Re: [RFC PATCH 05/10] vfio: Create a vfio_device from vma lookup
From: Alex Williamson <hidden>
Date: 2021-03-04 21:40:36
Also in:
lkml
On Thu, 25 Feb 2021 19:49:49 -0400 Jason Gunthorpe [off-list ref] wrote:
On Thu, Feb 25, 2021 at 03:21:13PM -0700, Alex Williamson wrote:quoted
This is where it gets tricky. The vm_pgoff we get from file_operations.mmap is already essentially describing an offset from the base of a specific resource. We could convert that from an absolute offset to a pfn offset, but it's only the bus driver code (ex. vfio-pci) that knows how to get the base, assuming there is a single base per region (we can't assume enough bits per region to store absolute pfn). Also note that you're suggesting that all vfio mmaps would need to standardize on the vfio-pci implementation of region layouts. Not that most drivers haven't copied vfio-pci, but we've specifically avoided exposing it as a fixed uAPI such that we could have the flexibility for a bus driver to implement regions offsets however they need.Okay, well the bus driver owns the address space and the bus driver is in control of the vm_pgoff. If it doesn't want to zap then it doesn't need to do anything vfio-pci can consistently use the index encoding and be finequoted
So I'm not really sure what this looks like. Within vfio-pci we could keep the index bits in place to allow unmmap_mapping_range() to selectively zap matching vm_pgoffs but expanding that to a vfio standard such that the IOMMU backend can also extract a pfn looks very limiting, or ugly. Thanks,Lets add a op to convert a vma into a PFN range. The map code will pass the vma to the op and get back a pfn (or failure). pci will switch the vm_pgoff to an index, find the bar base and compute the pfn. It is starting to look more and more like dma buf though
How terrible would it be if vfio-core used a shared vm_private_data
structure and inserted itself into the vm_ops call chain to reference
count that structure? We already wrap the device file descriptor via
vfio_device_fops.mmap, so we could:
struct vfio_vma_private_data *priv;
priv = kzalloc(...
priv->device = device;
vma->vm_private_data = priv;
device->ops->mmap(device->device_data, vma);
if (vma->vm_private_data == priv) {
priv->vm_ops = vma->vm_ops;
vma->vm_ops = &vfio_vm_ops;
} else
kfree(priv);
Where:
struct vfio_vma_private_data {
struct vfio_device *device;
unsigned long pfn_base;
void *private_data; // maybe not needed
const struct vm_operations_struct *vm_ops;
struct kref kref;
unsigned int release_notification:1;
};
Therefore unless a bus driver opts-out by replacing vm_private_data, we
can identify participating vmas by the vm_ops and have flags indicating
if the vma maps device memory such that vfio_get_device_from_vma()

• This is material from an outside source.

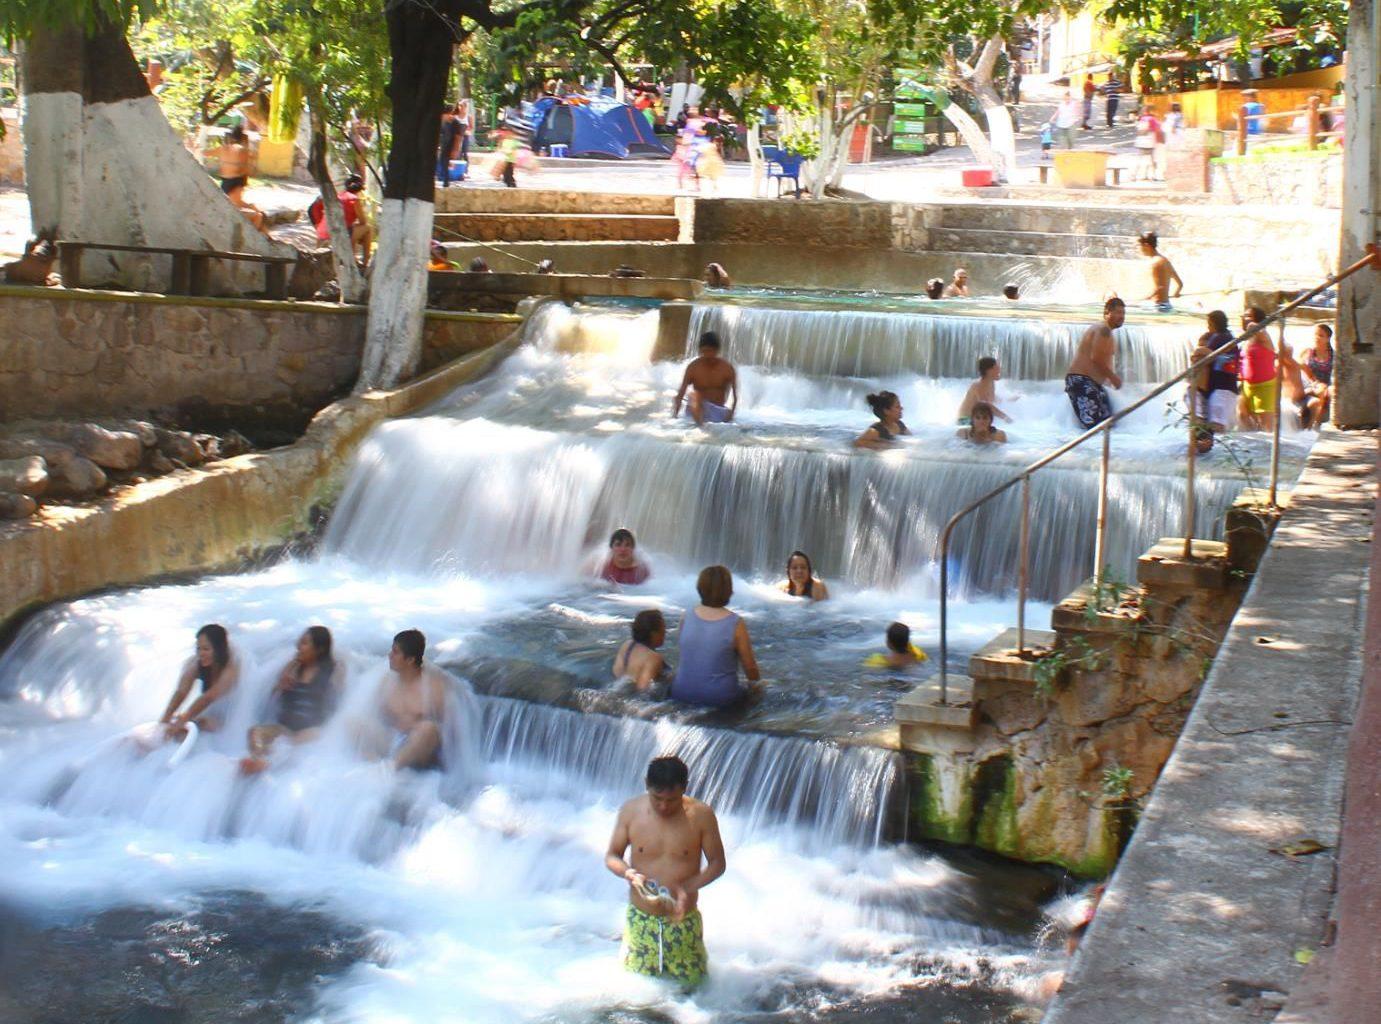 Aguas Termales del Balneario Las Huertas

should produce a device reference. The vfio IOMMU backends would also
consume this, ie. if they get a valid vfio_device from the vma, use the
pfn_base field directly. vfio_vm_ops would wrap the bus driver
callbacks and provide reference counting on open/close to release this
object.
I'm not thrilled with a vfio_device_ops callback plumbed through
vfio-core to do vma-to-pfn translation, so I thought this might be a
better alternative. Thanks,
Alex